▽

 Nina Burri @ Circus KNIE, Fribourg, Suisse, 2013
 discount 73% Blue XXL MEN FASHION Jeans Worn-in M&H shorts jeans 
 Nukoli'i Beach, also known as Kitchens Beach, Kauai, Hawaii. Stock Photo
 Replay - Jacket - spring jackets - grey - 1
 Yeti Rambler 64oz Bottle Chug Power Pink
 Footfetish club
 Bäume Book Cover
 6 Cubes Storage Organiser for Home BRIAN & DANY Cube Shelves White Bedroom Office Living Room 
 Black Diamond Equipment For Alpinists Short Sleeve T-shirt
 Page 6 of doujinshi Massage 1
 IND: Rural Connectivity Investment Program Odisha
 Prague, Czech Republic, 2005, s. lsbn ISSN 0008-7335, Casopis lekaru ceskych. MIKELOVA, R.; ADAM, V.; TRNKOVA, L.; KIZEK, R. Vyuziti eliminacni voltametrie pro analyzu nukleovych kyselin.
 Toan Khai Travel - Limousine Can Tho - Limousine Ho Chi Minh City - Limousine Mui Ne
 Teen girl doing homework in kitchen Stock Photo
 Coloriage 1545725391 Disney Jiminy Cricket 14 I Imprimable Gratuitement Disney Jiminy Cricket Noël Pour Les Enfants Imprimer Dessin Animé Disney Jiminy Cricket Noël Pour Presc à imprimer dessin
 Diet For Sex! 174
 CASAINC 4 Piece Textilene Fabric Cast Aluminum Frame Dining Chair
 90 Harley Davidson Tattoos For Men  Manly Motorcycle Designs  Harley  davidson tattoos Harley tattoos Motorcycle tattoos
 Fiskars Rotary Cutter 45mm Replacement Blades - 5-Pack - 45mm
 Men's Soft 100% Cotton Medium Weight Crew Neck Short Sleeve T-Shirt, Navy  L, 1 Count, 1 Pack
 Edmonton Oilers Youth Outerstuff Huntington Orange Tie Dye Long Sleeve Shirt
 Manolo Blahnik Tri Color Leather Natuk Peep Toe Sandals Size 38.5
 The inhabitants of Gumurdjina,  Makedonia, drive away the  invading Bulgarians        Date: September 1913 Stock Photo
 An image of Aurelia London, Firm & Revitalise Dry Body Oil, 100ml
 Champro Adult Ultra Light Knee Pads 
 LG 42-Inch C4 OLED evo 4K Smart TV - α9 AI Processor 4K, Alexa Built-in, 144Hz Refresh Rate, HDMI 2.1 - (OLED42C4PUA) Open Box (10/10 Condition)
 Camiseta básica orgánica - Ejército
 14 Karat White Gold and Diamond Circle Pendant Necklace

△

#### Problem requirements
What are the lines from the one containing "Camiseta básica orgánica - Ejército" through the end of the material? Reproduce them exactly, both ends included, with nothing added.

#### Answer box
 Camiseta básica orgánica - Ejército
 14 Karat White Gold and Diamond Circle Pendant Necklace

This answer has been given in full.